In this case, the prompt is tweaked to instruct the LLM to return only the word true if the outputs are semantically equivalent and only return the word false if they are not. This now makes the output deterministic, and we can then convert the text result to a boolean value and assert on it in a unit test.
We can now run a series of manual tests with known inputs, use human-in-the-loop (a new, fancy expression for getting people to check the output of an LLM) to validate the results, and then feed those known inputs and human-validated output into our unit tests.
LLM selection, system prompts, and other tips
Just like building AI apps, we need to put some thought into the AI setup for our unit tests as well. Here are some tips to try; you will need to try these and iterate, and like LLMs, even these tips are non-deterministic!
LLM selection
What LLM should we use for our unit tests? This is the time to use the best LLM you can. Ideally, you will run the unit test less often than your production code, so using a more expensive LLM will give you better test results at hopefully not too high a cost. Leverage these tests to validate if you can move to a cheaper LLM, and use the best LLM to ensure your validations are optimal.
You can also use multiple LLMs as a means of cross-checking. For example, use GPT-4o in your app and Claude and Gemini in your unit tests to validate the outputs. Then, depending on your scenario, you can fail the test if one LLM reports a fail or only if both report a fail.
System prompt
In the example above, the guidance on what to return was provided in the main prompt for illustration purposes. Ideally, you should embed all this in the system prompt. Put some time into building out a system prompt that not only forces the results to be true or false - or whatever you need for a deterministic output. Also, guidance should be provided to ensure the comparison between expected and actual data is valid. If you have non-standard terms that mean the same thing, provide this information to the system prompt.
Run the check multiple times
Despite all your best system prompts, sometimes the LLM just does its own thing. You can ask it only to return true or false, and get a response like:
Sure, I’ll only return true
true.
The workaround for this is if you cannot parse the response into the format needed, then re-run the test a few times until it does. If you still don’t get a good result after 3-5 attempts, fail the test, but log all the responses! Logging these will help you adjust the system prompt to avoid this happening again.
You can also run multiple times, even if the response is as expected, as extra validation to reduce any randomness in the responses.

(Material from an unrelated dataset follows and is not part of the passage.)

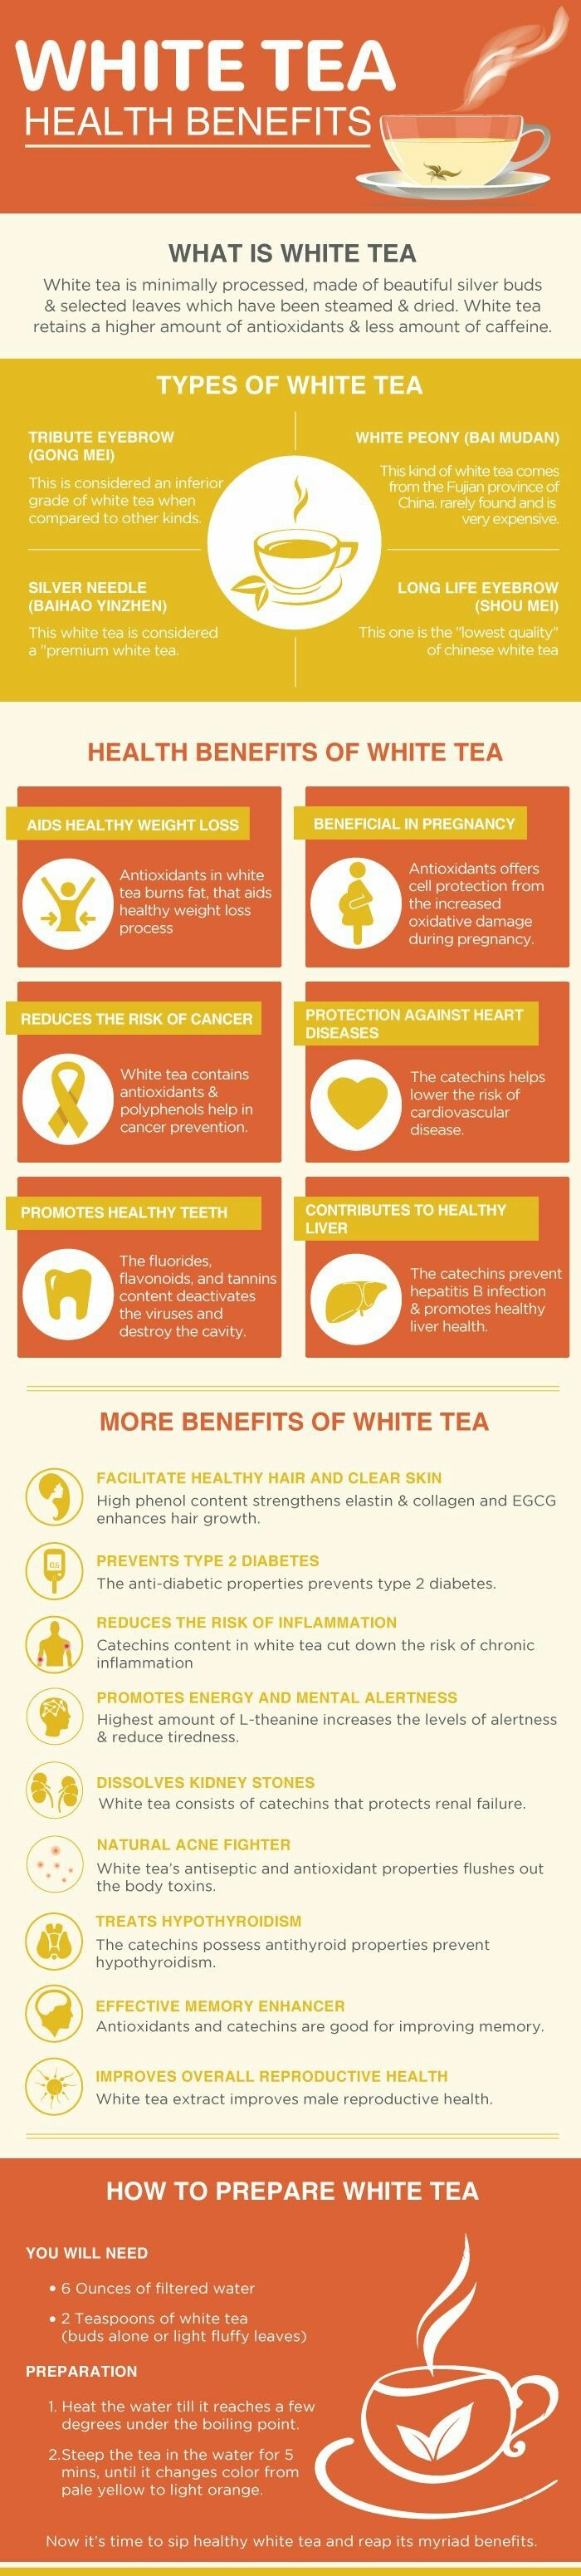 Worth a try - The benefits of white tea. Sounds like a winner. 

Then, depending on your scenario, pass the test if all attempts pass, or a majority, or even if it passes just once.
Get the temperature right
When calling an LLM, there is a temperature setting that adjusts the output from predictable to creative. For boring things like “Convert this table to JSON,” you want the temperature way down to get predictable output. You want to turn this up for more creative tasks like help writing a story.
When unit testing, we want to be boring and predictable, so we keep this down. Most LLMs have a temperature range of 0-1, and some have 0-2, with lower numbers giving more predictability. Try your unit tests with lower temperatures to get the results you need.
Conclusion
Despite the challenges of the non-deterministic nature of LLMs, as an AI engineer, you can still automate the testing of your AI apps by leveraging LLMs to validate your tests. Despite the amount of work to get this set up–multiple iterations of choosing the LLM, tweaking the system prompt and the like, the results are well worth it to have improved confidence in the quality of your code.